# Twin Cities Herf?



## Bobb (Jun 26, 2006)

For all the BOTLs/SOTLs in the Minneapolis/St. Paul area: I was wondering if anyone would be up for a HERF before the weather gets cold as f#%k. I know a really cool bar in the Twin Cities area that has great food, home made beer, and a wonderful patio...perfect for cigars!

Dates I was thinking would probably be either Sept 30th, Oct 20, or Oct 21. Let me know here if anyone is interested. I have yet to meet a CS borther/sister, and with all the talk around here about HERFs going on, I'm feeling left out =(

Peace
~Bobb


----------



## luverofpeanuts (Sep 19, 2006)

hmmmm.....love to have a couple of cigars at a good place in the cities. I'm in Rochester and have a few herfin friends that get together now and then. Keep me in the loop...maybe I can round 'em up and head up! What venue are you talking about in the cities?

--lp


----------



## Beagle Boy (Jul 26, 2006)

Looks like I should be able to do either weekend - Let me know


----------



## Bobb (Jun 26, 2006)

The bar is Barley John's Brew Pub. I'm thinking Oct 20th would be a cool night. A friend of mine usually playes live music on Fridays (and I have been known to go up and play with him...especially after a few of John's "old eight porters"), and this should be enough notice to make sure work conficts are figured out...including mine I hope.


----------



## luverofpeanuts (Sep 19, 2006)

Bobb said:


> The bar is Barley John's Brew Pub. I'm thinking Oct 20th would be a cool night. .


Sounds like a cool place ;-) I'm in Omaha (most likely) that weekend. But I'll keep up on this thread...just in case ;-)

--lp


----------



## Beagle Boy (Jul 26, 2006)

Maybe we should have one this weekend, tie it into the marathon. Set a few nice comfy chairs along Summit, invite the runners to sit down and relax for a bit? 

:sb 

I've never understood the idea of marathons - the first guy to do it dies, geee that sounds like fun!


----------



## Beagle Boy (Jul 26, 2006)

Are we still looking at this for next weekend?


----------



## MascaraSnake (Aug 29, 2006)

I'd love to come, but I'm under 21 and that presents a problem since most of the bars I've wandered into threw me out when they found out I couldn't drink.

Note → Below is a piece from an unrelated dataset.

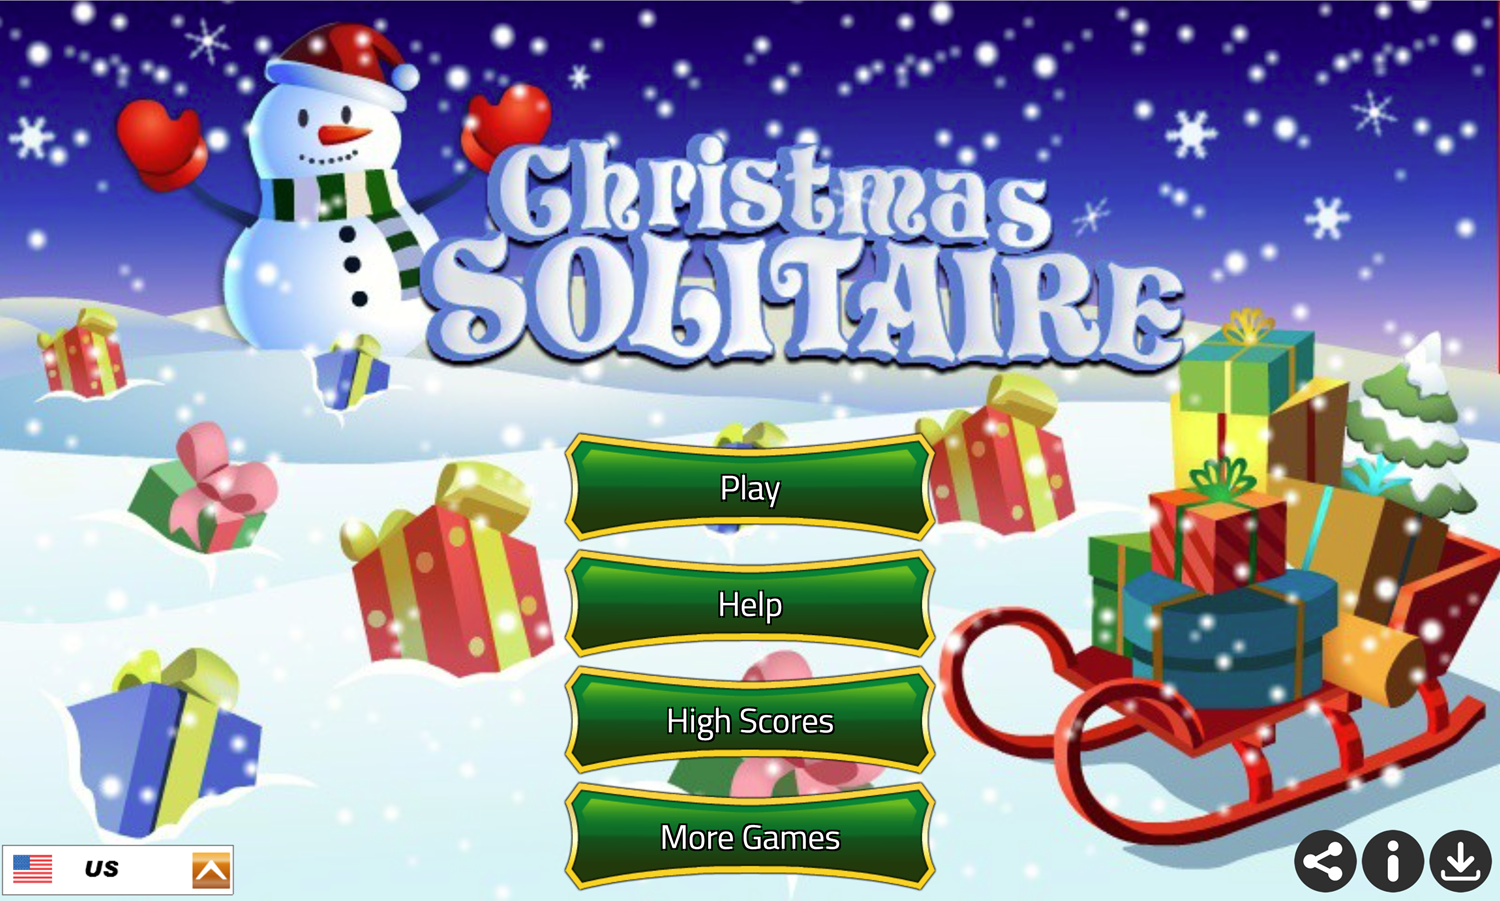 Christmas Solitaire Game Welcome Screen Screenshot.

Any 18-allowing places that even let cigars in the establishment in the Twin Cities?


----------



## Beagle Boy (Jul 26, 2006)

MascaraSnake said:


> I'd love to come, but I'm under 21 and that presents a problem since most of the bars I've wandered into threw me out when they found out I couldn't drink.
> 
> Any 18-allowing places that even let cigars in the establishment in the Twin Cities?


Besides the smoke shops that have lounges - there are a few bar & grills that still allow it (so order an appetizer and a pop, you should be ok) like Moose Country (35E and hwy 13 - in Lillydale), Champs in Mapplewood built a smoking room.

If I remember correctly, it's hennepin county and St. Paul city that have the bans locally - I think Washington & Anoka are still open?


----------



## Andyman (Jun 8, 2004)

I am up for Herfng.. Let me know when and where.. Oct 20th should be a good day for me..


----------



## Andyman (Jun 8, 2004)

Anything happening with this?


----------



## Pablo (Oct 13, 1997)

Let me know as well. Sounds like fun...plus Andyman is getting sick of herfin with me!


----------



## Andyman (Jun 8, 2004)

pds said:


> Let me know as well. Sounds like fun...plus Andyman is getting sick of herfin with me!


Yah, it's become quite arduous... :r


----------



## King James (Dec 18, 2005)

hey guys, I'm in La Crosse here at UW-LAX and could be able to make the drive up there depending on what weekend you have it on.


----------



## smokefuentes (Oct 10, 2006)

this sounds great. i am going on leave this weekend. maybe i'll stop in.


----------



## Beagle Boy (Jul 26, 2006)

Bobb had been the driving force on this - but haven't seen any posts from him for a while. 
I would be up for Saturday if someone has a place in mind


----------



## Andyman (Jun 8, 2004)

Paul and I are partial to Roberts. They have a full bar. Great smoking lounge. Awesome food. Can't go wrong.

Robert's Off 10
2400 County Rd H2 
Mounds View, MN 55112


----------



## Beagle Boy (Jul 26, 2006)

I think I remember the place - I used to live in the 96 & Lex area (now in Woodbury). Does a time on Saturday afternoon work?


----------



## Andyman (Jun 8, 2004)

Okay, life got busy.. bringing this thread back to life. lets plan something!


----------